A relação difícil com o brasileiro é contada sob a perspectiva de quem o tinha como ídolo até tê-lo como adversário. Seja através da batida dos dois em 1992 ou pela concorrência nas pistas, se explicita como ali havia um principio de rivalidade que infelizmente foi interrompido drasticamente. Acima disso, o respeito de Schumacher pelo Senna fica notório, tanto através de um antigo relato do alemão sobre sua reação à morte de Ayrton, como pela emocionada resposta ao saber que havia igualado um recorde do saudoso rival.

Após exibir os dois primeiros títulos de Michael, conquistados pela equipe Benetton, o documentário se volta para aquele que provavelmente foi o período mais difícil dele na F1. Movido por desafios desde quando gostava de vencer com o pior kart da corrida, Schumacher vai para Ferrari, sendo que a equipe já não vencia um campeonato de pilotos há dezesseis anos.

Nesse instante, entendemos o que o diferenciava dos demais. Do mecânico ao chefe, todos ressaltam o empenho dele para voltar a tornar aquela uma escuderia vencedora. Dedicado, ele não se concentrava apenas na direção, mas também nas relações humanas da equipe italiana. Idolatrado pela torcida, não se sentia no direito de decepcioná-los, o que lhe levou a errar. Inseguro, se questionava a cada inicio de temporada se ainda sabia ser um bom piloto. Incansável, alcançou o título após cinco anos de Ferrari. E como um vencedor apaixonado, ainda pelo rádio do carro, lembrou-se da esposa que sempre o apoiou.

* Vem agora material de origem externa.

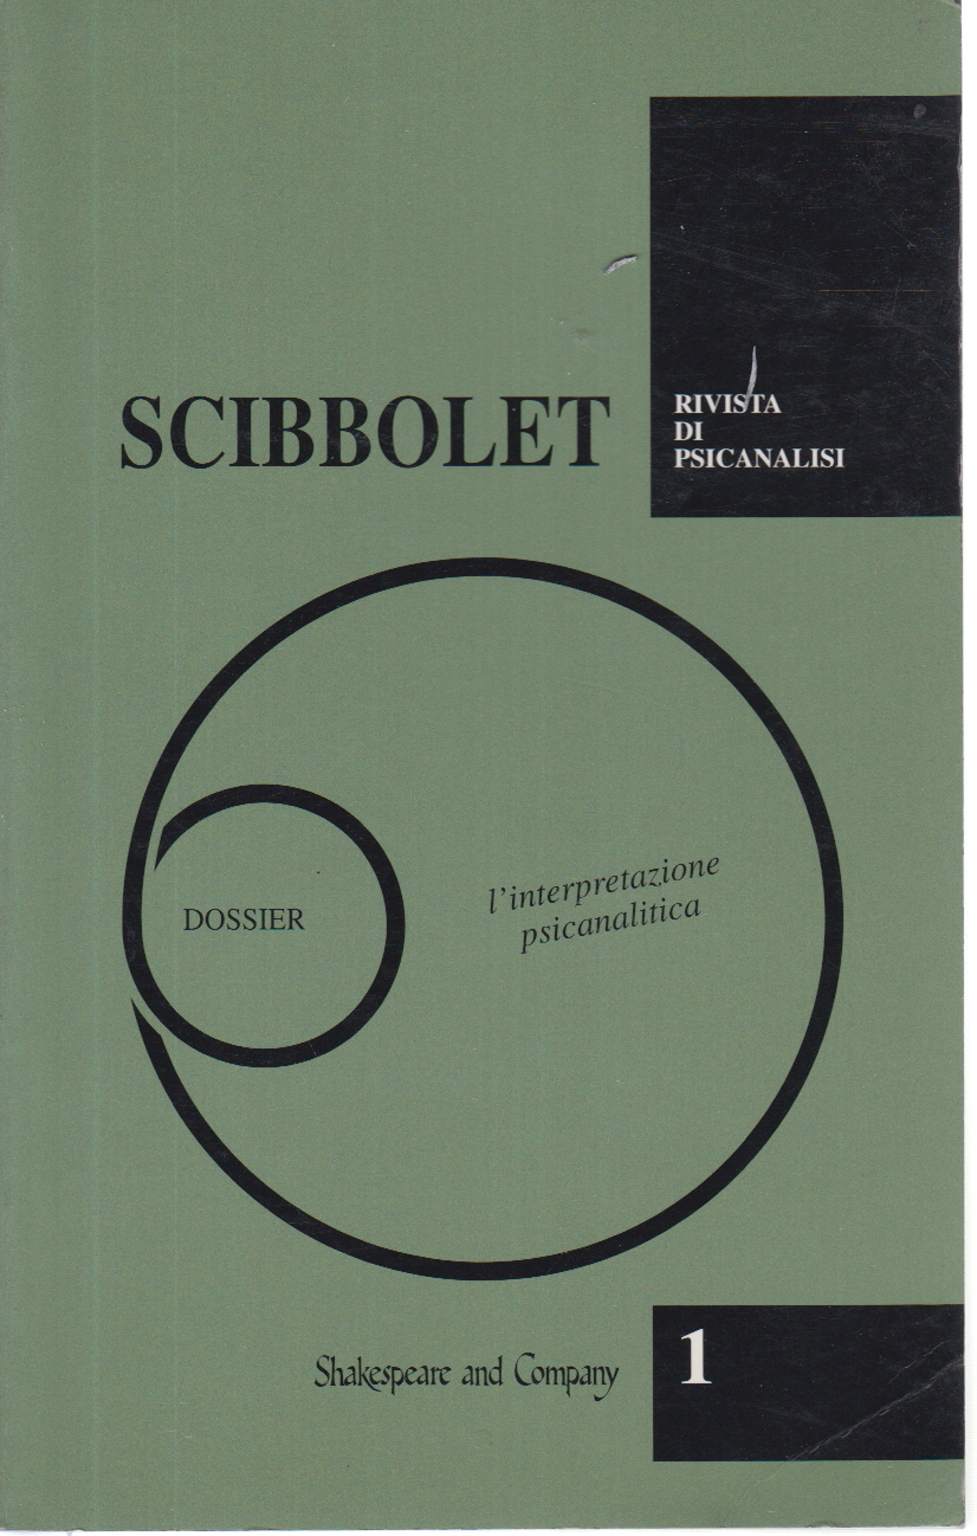 Scibbolet no. 1 de 1994, s.una.

A partir de então, o documentário toma um caminho questionável. Os quatro títulos mundiais seguintes, vencidos por um Schumacher que já não devia mais nada a ninguém, apenas são mencionados rapidamente. Algumas disputas interessantes contra Fernando Alonso, a oportunidade de correr com o irmão, a vitória no dia do falecimento da mãe e a controversa relação com Rubens Barrichello não são exibidas.

Depois de mostrar brevemente seu retorno à Fórmula 1, o documentário aborda o acidente sofrido nos Alpes franceses. Sem entrar em detalhes sobre o ocorrido e o real estado de saúde dele, os entrevistados falam com pesar sobre a ausência sentida na rotina da família. Nesse sentido, o relato do filho Mick Schumacher é ainda mais triste. Piloto da F1 em sua primeira temporada, ele conta que nessa fase de sua vida teria muito sobre o que conversar com o pai.

Assim como não começou pela infância, entendo que a obra não deveria concluir-se ao abordar os anos mais recentes. Ainda que as imagens de dias felizes voltem nos créditos, o filme termina em um tom pesado. Teria sido mais justo com a trajetória de vida do Michael que a narrativa retornasse aos depoimentos sobre a carreira, no intuito de que aqueles que caminharam ao seu lado falassem sobre a lembrança que guardam do amigo heptacampeão.

Por fim, “Schumacher” é um filme que será lembrado por mostrar o lado humano de alguém que foi uma máquina de vitórias. Ao apresentar detalhes de sua jornada, a obra dá sentido a devoção que a equipe Ferrari e seus torcedores tem por ele. Tendo em mente que hoje Michael vive uma situação difícil, relembrar esses momentos traz reflexões sobre como a vida pode ser dura até com quem fez a alegria de milhões.